«No somos bichitos raritos: tenemos nuestra cultura… Queremos poner nuestro granito de arena». Veronika Drazdova (Minsk [Bielorrusia], 1981) estudió teatro en la universidad, así que la palabra cultura tiene resonancias muy potentes para ella. De hecho, la música, el diseño, la pintura, la fotografía o la literatura son fundamentales en su día a día: alimentarse de la creatividad ajena le parece algo fundamental a la hora de estimular la propia.
Por eso mismo, Moiqut —su tienda— es un sitio donde se compra ropa y se habla de moda, pero también es un espacio donde se celebran conciertos, fiestas, exposiciones o lecturas dramatizadas. Incluso dispone de un punto de lectura —«Hasta en las mejores familias, hay una oveja lectora», dice un pequeño cartel— donde intercambiar libros y conversar sobre ellos. Además de ropa, Veronika procura vender alegría, buen humor y una buena dosis de creatividad en todo lo que hace. Esta es su historia.

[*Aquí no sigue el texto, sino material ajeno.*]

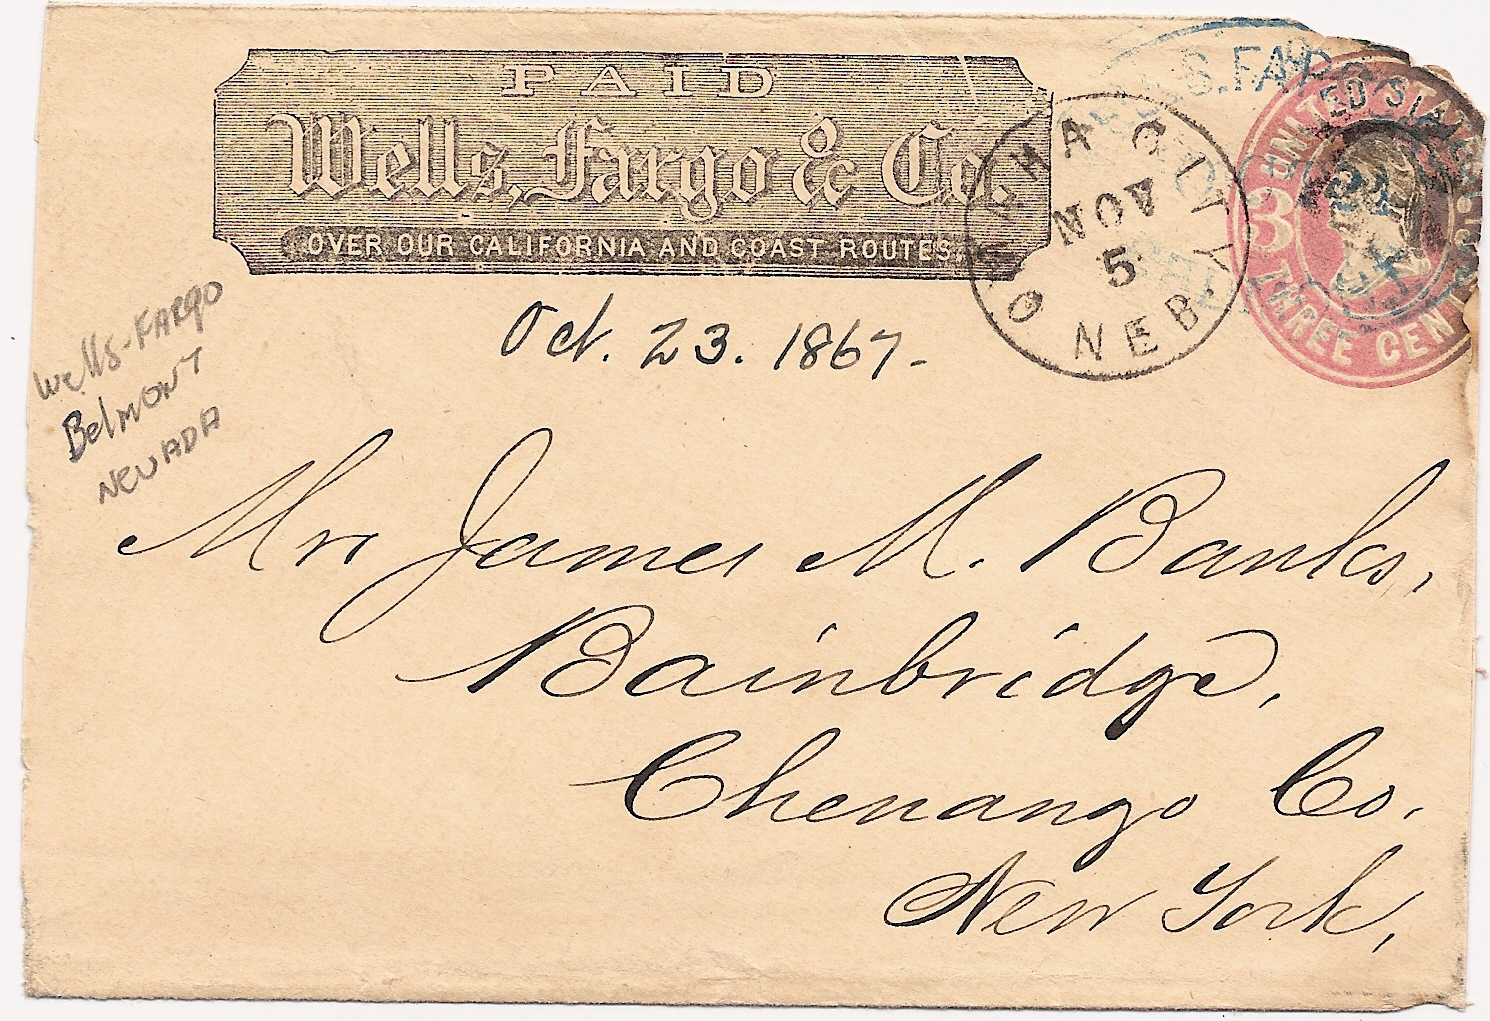 OmahaCity 1867 11 05 WellsFargo
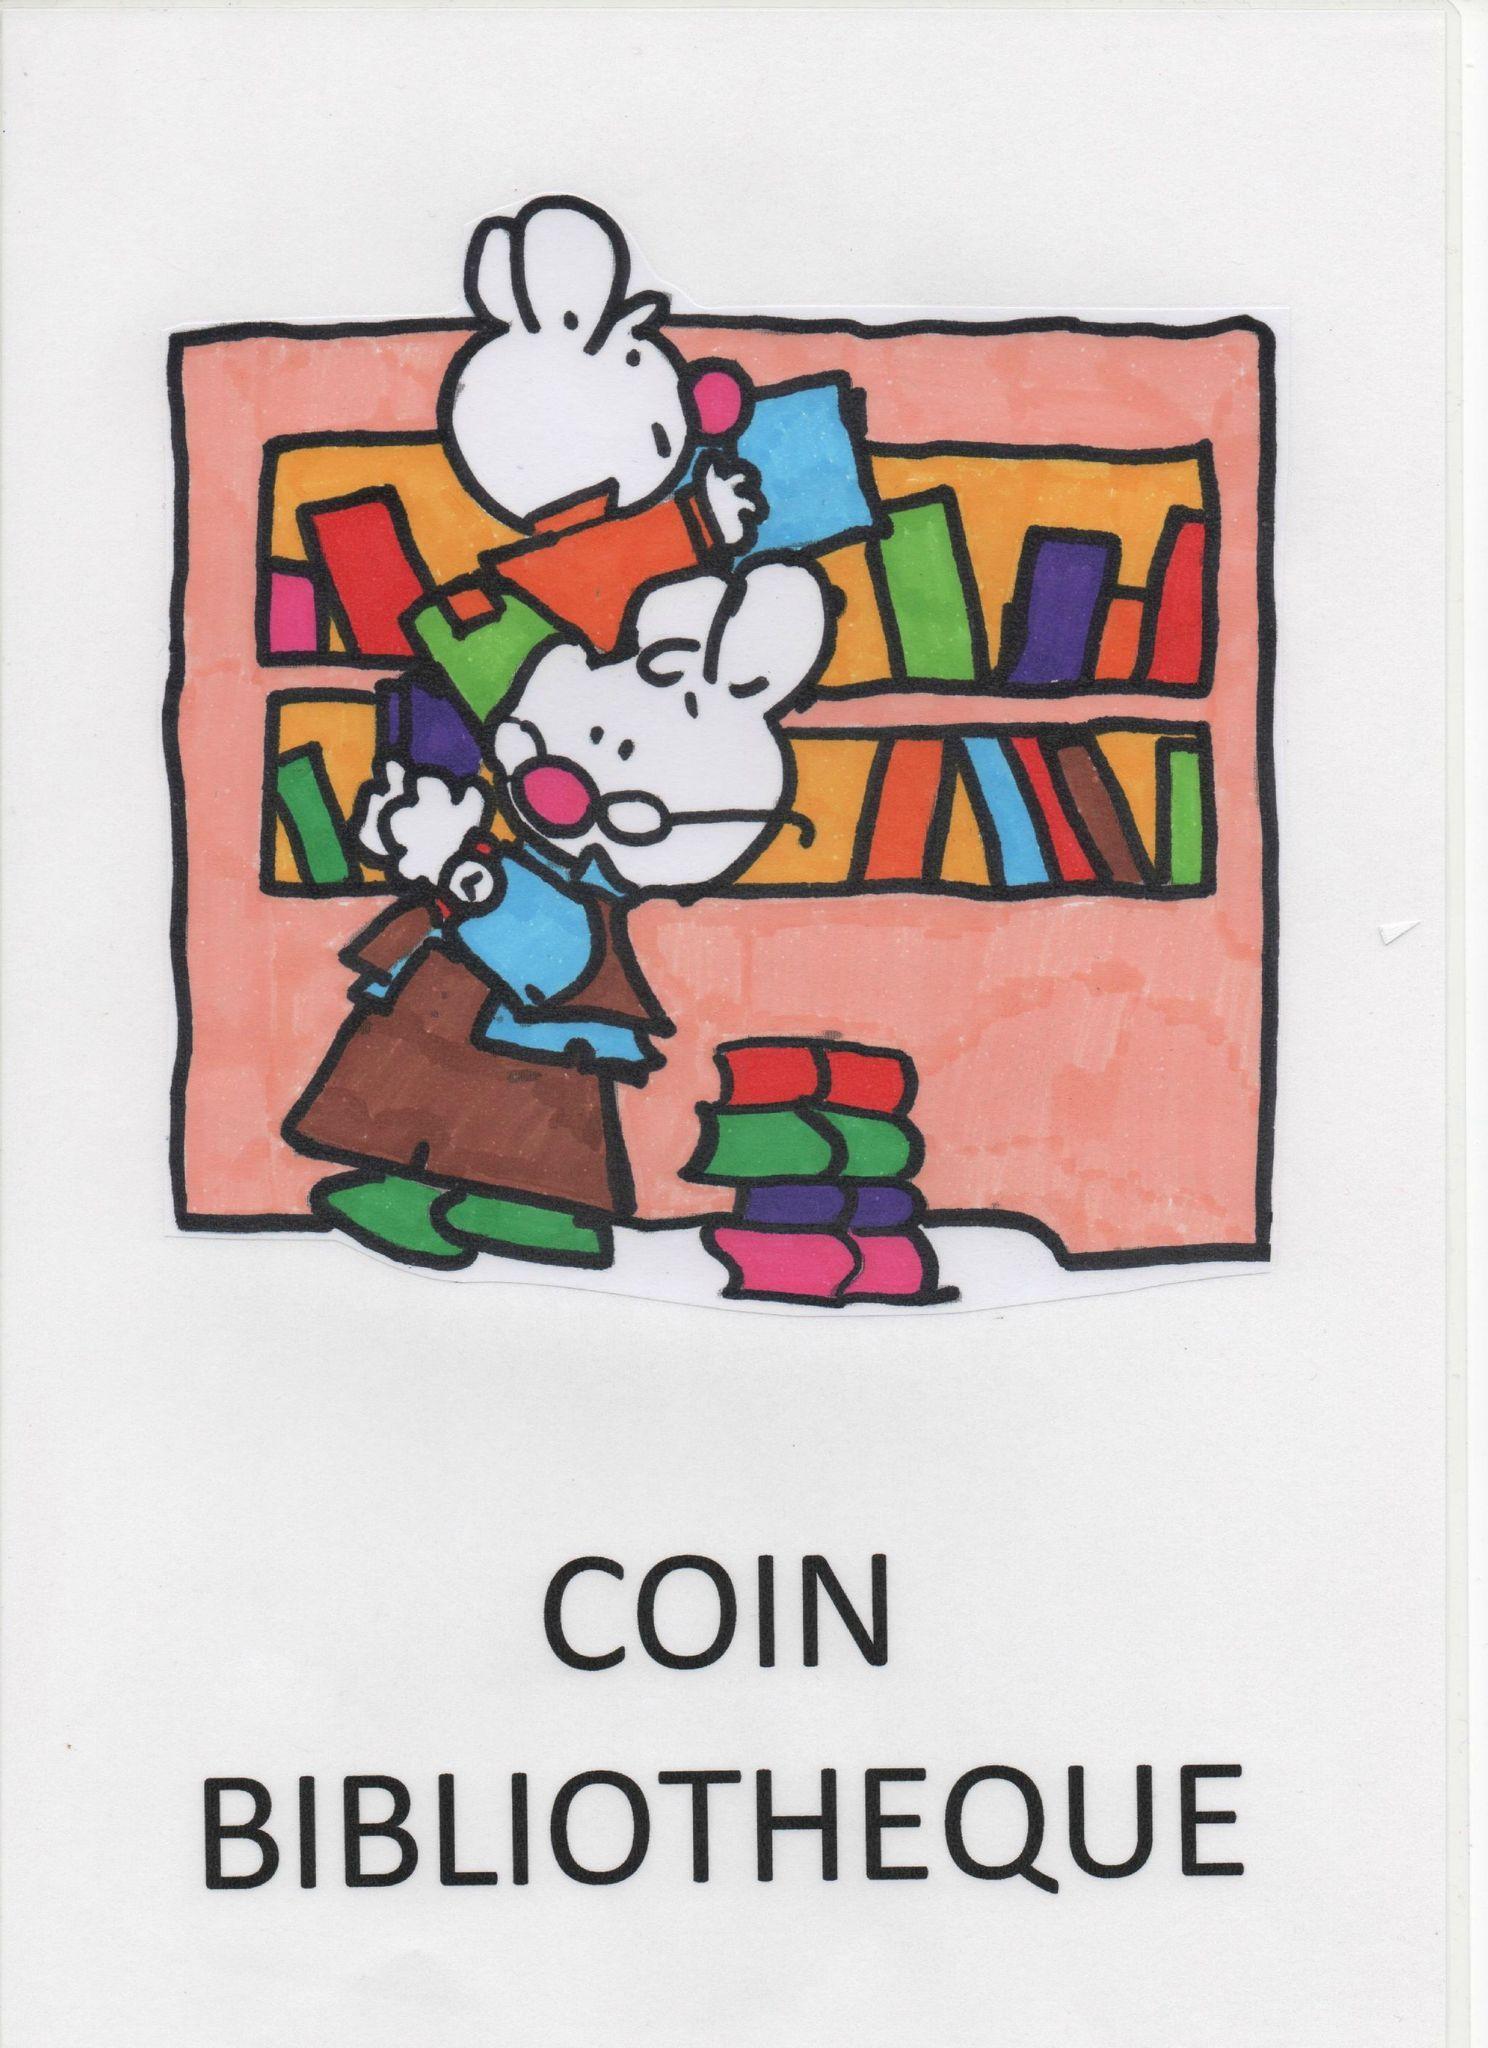 Coin Bibliotheque Affiche

[Si has caído aquí por casualidad y no sabes en qué consiste el proyecto Segundas impresiones, quizá te interese leer esto].
Por Rubén A. Arribas y Laura Caorsi
@estoy_que_trino / @lauracaorsi
Un día iba caminando por Barcelona y encontró un libro abandonado en un banco. Era una novela. Se la llevó a casa, la leyó y sintió que eso era lo que necesitaba leer en ese momento de su vida. Cuando terminó el libro —El abuelo que saltó por la ventana y se largó, de Jonas Jonasson—, lo colocó en otro banco y deseó que tuviese el mismo efecto balsámico en otra persona. Por eso, en su tienda de ropa, ha reservado un espacio para el intercambio de libros y organiza otras actividades; por el placer de conocer gente y generar una pequeña comunidad con la que compartir afinidades.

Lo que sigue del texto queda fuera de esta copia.